Work item
Each line from the one with "8 dấu hiệu chỉ" through the last line of the material is to be printed exactly; no other line and no picture belongs in the copy.

Given material

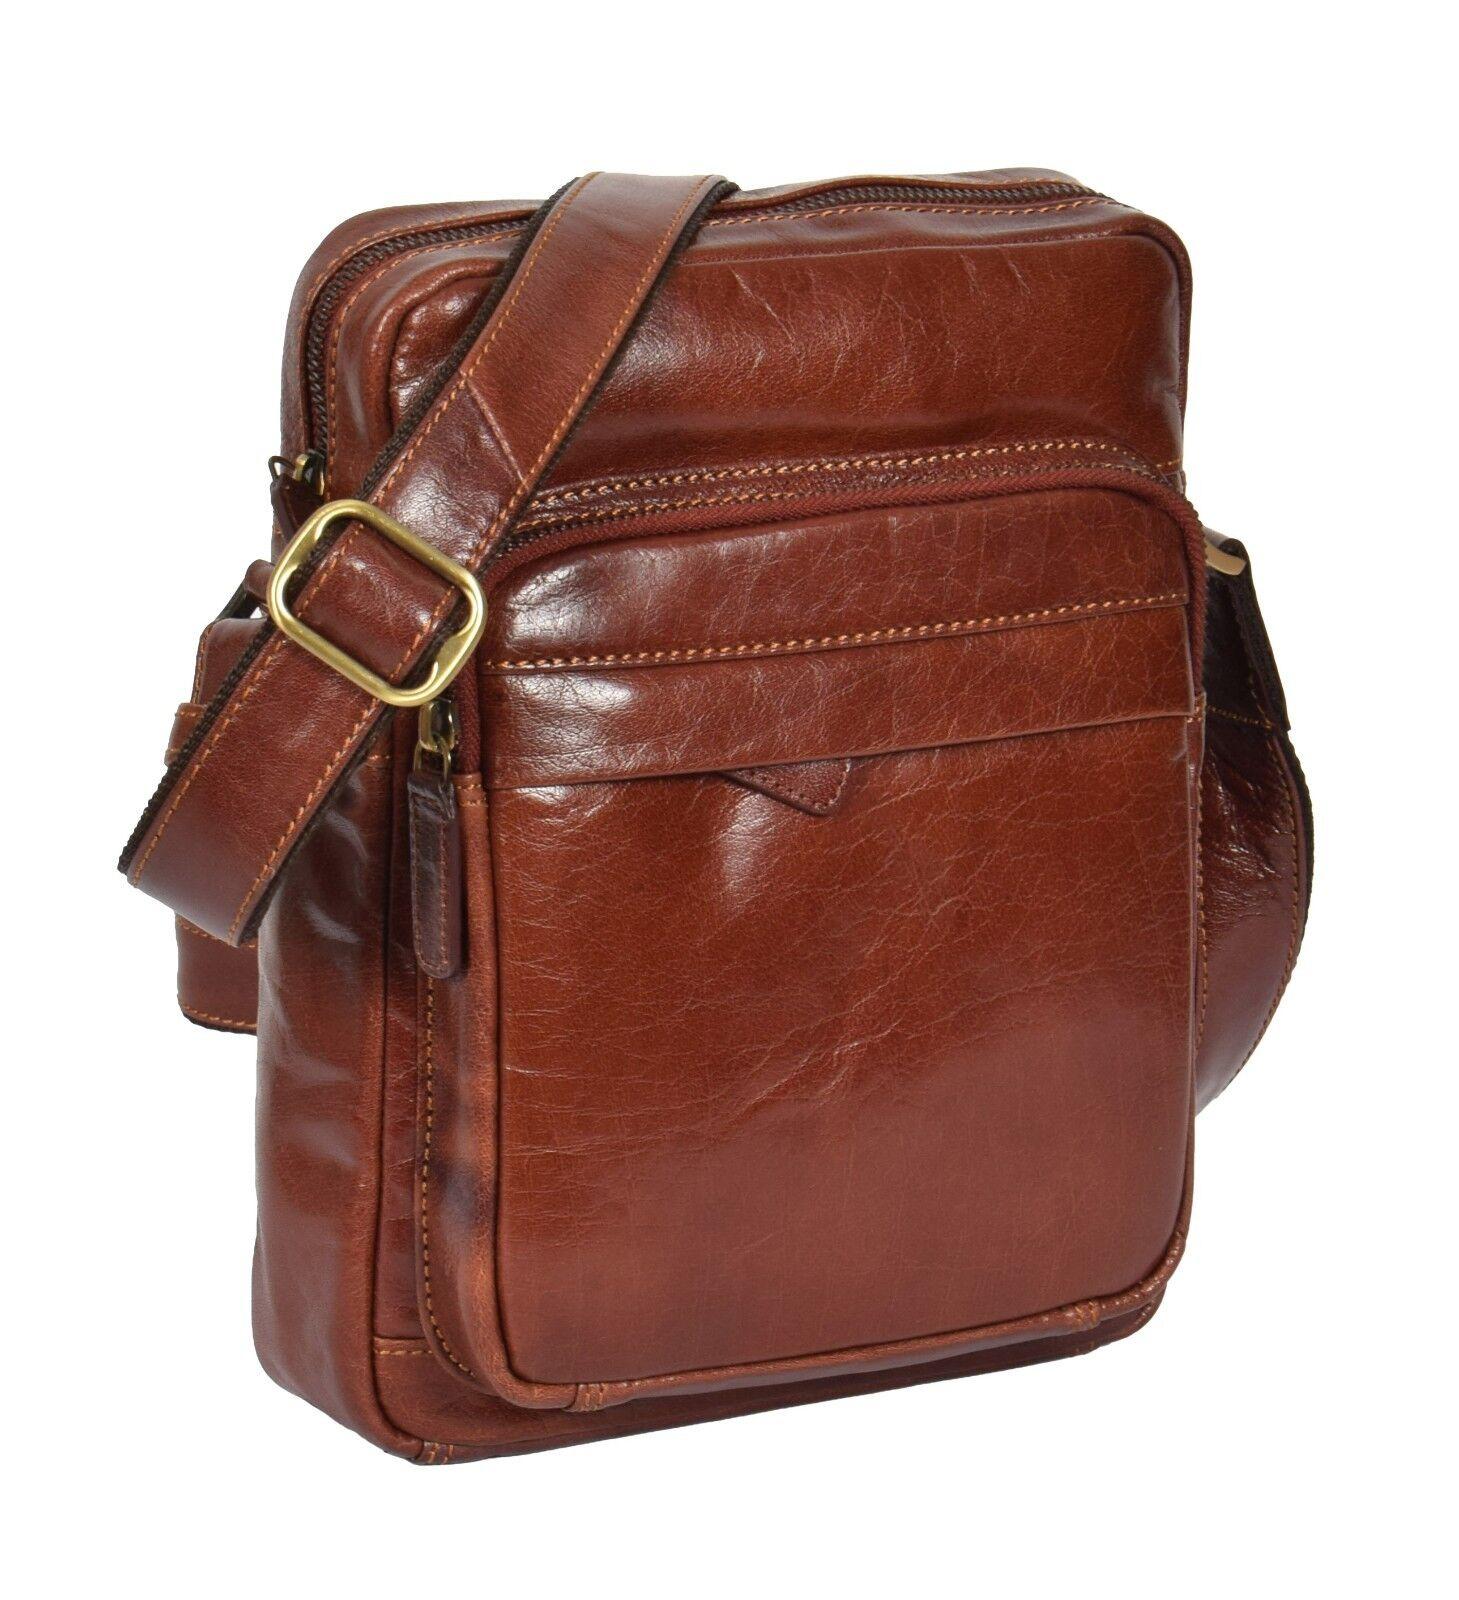 Mens Messenger Messenger Messenger High Quality Leather Bag Cognac iPad Travel Casual Flight Bag NEW     | Zu verkaufen  a86909
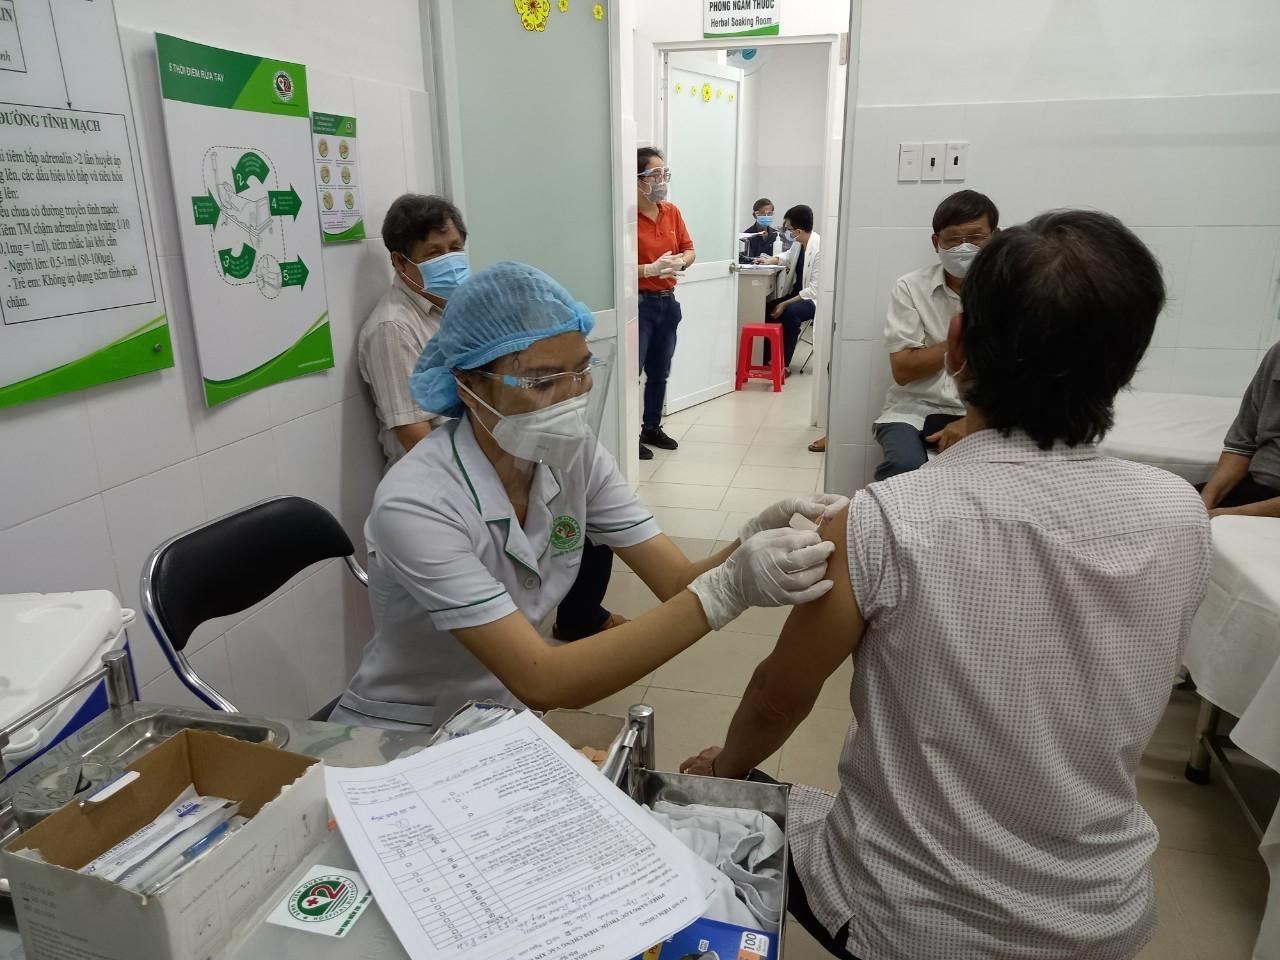 8 dấu hiệu chỉ điểm sau tiêm vắc xin Covid-19 bị phản vệ được chuyên gia khuyến cáo - Ảnh 1.
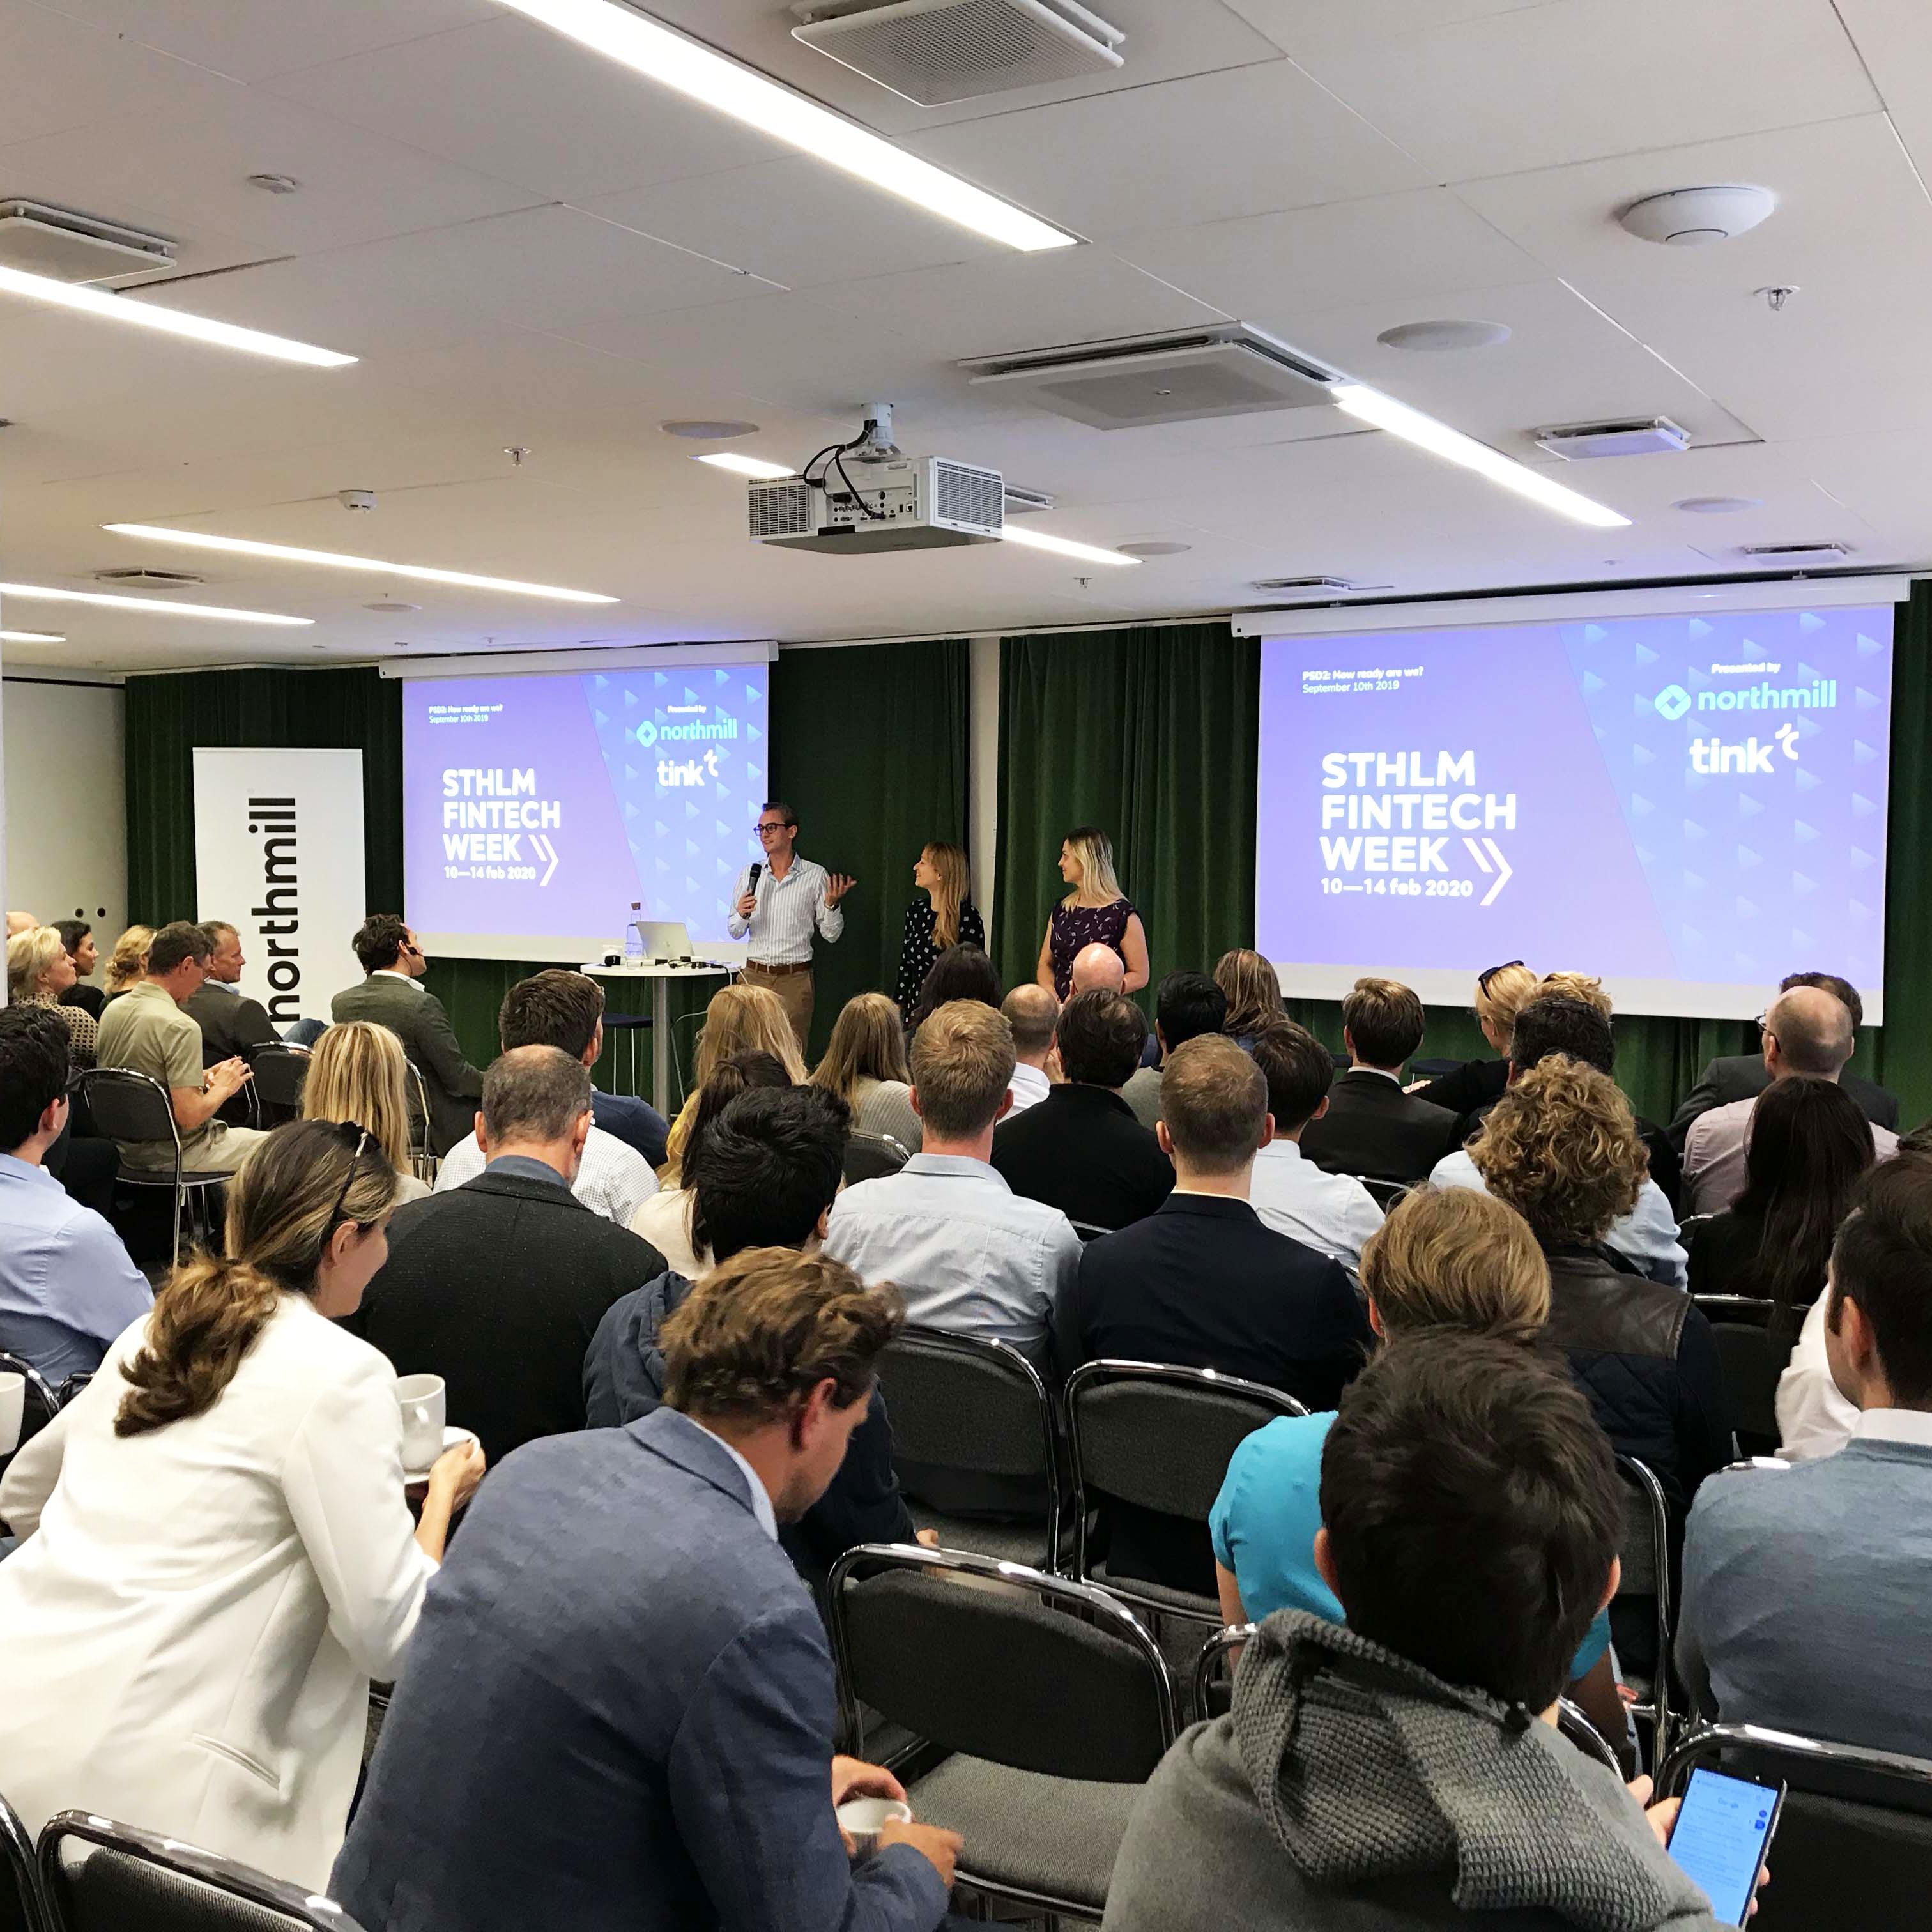 Sthlm Fintech Week Meetup
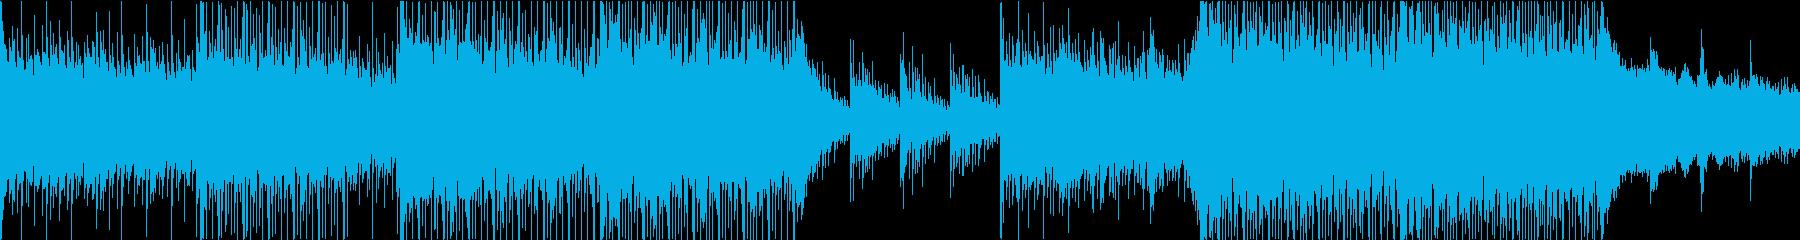 映像作品向きな爽快なBGM ループの再生済みの波形

Written solution
 8 dấu hiệu chỉ điểm sau tiêm vắc xin Covid-19 bị phản vệ được chuyên gia khuyến cáo - Ảnh 1.
 Sthlm Fintech Week Meetup
 映像作品向きな爽快なBGM ループの再生済みの波形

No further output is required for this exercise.